Fresh horror washed over my mother’s face. “Oh, my god,” she said. “I didn’t even realize—I didn’t know he was with you.”
I felt a curdle of shame then for how completely I had monopolized everybody’s concern. In the car, AJ had not screamed. Not wearing his seatbelt, he had simply reacted, and when he spoke, it was to say my name, to pierce through my cries to ask if I was hurt. And now here he was, sitting with calm disbelief, waiting for our mother to realize he was there, too. It’s said that no one knows how they’ll respond in a crisis, but if those unpredictable responses say anything about who we are, I was profoundly disappointed in myself.

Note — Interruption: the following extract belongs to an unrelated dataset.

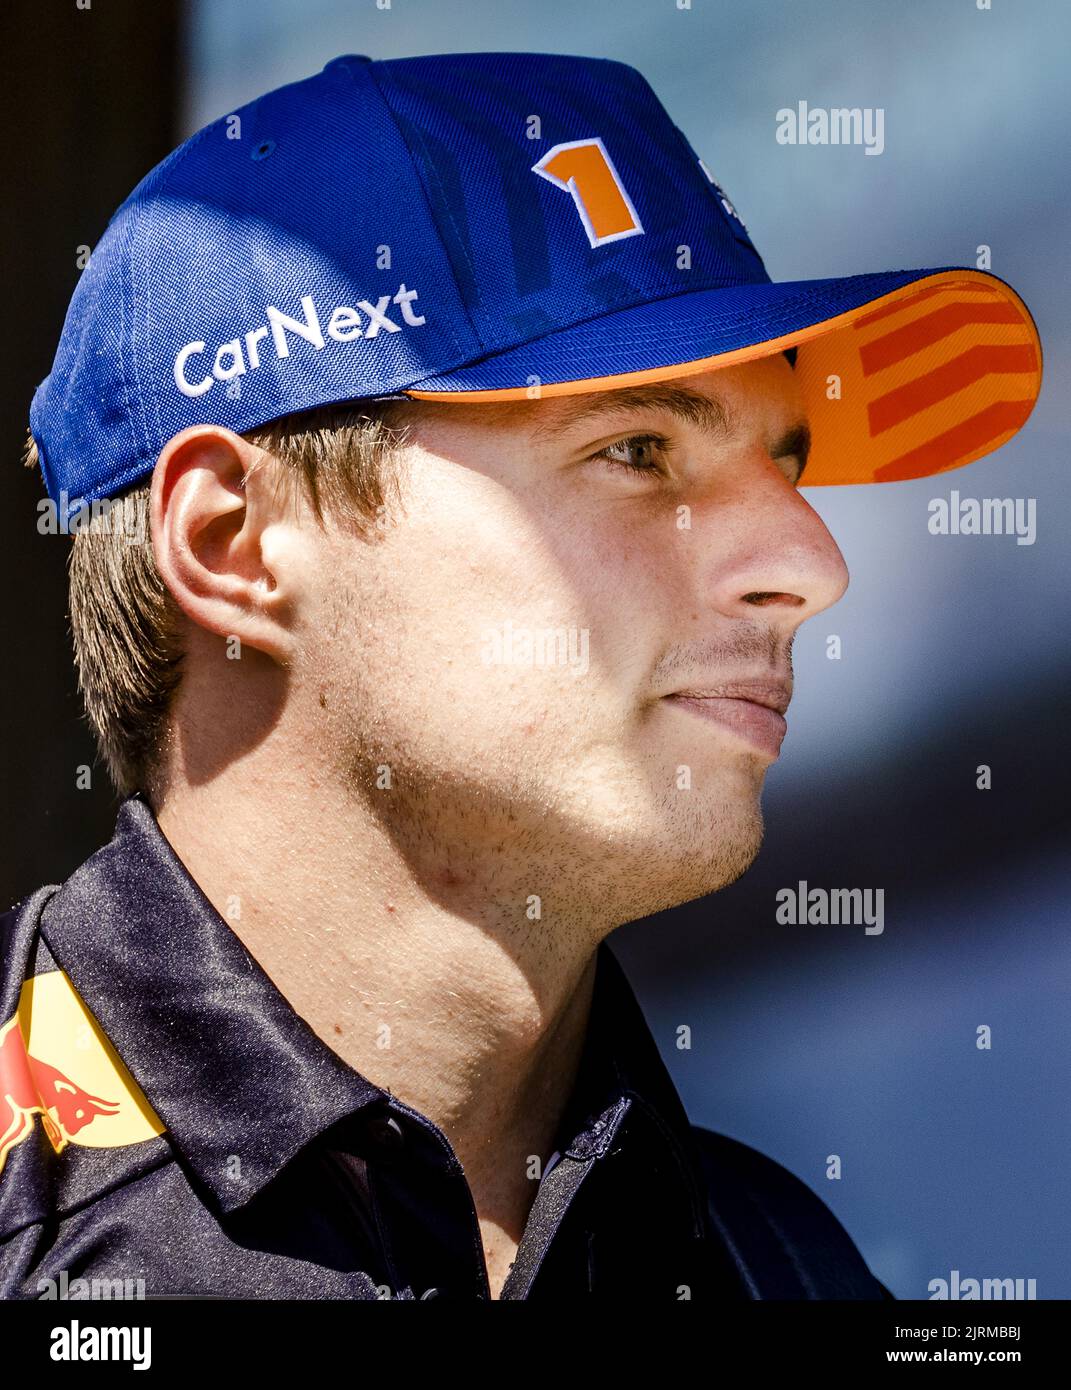 2022-08-25 14:06:34 SPA - Max Verstappen (Red Bull Racing) arrives at the Spa-Francorchamps race track in the run-up to the Belgian Grand Prix. ANP SEM VAN DER WAL netherlands out - belgium out Credit: ANP/Alamy Live News Credit: ANP/Alamy Live News Stock Photo

When we got home, aunts and uncles and cousins were already there—Nanny’s birthday party had begun. We sat at the round glass breakfast table and told the story, talking over each other, and AJ imitated my screams; I grimaced and nodded at the accuracy of his impression. But already, by telling the story, we were asserting some claim over it. We were able to laugh as the illusory sense of our control returned. It wasn’t until I was in bed that night, in the quiet, cool darkness, that the fragile bravado faded and I let myself cry—not for what had happened, but for everything that might happen still.
* * *
Tomorrow's exercise revolves around character--taking three "characters" from the original list of memories and fictionalizing them, creating one-page bios for each and then inventing at least seven additional characters and doing the same. It's going to be a long but good writing day.
What about you? If you're a writer, what's your pre-writing process? And if you're not, play along anyway: what's one of your earliest memories?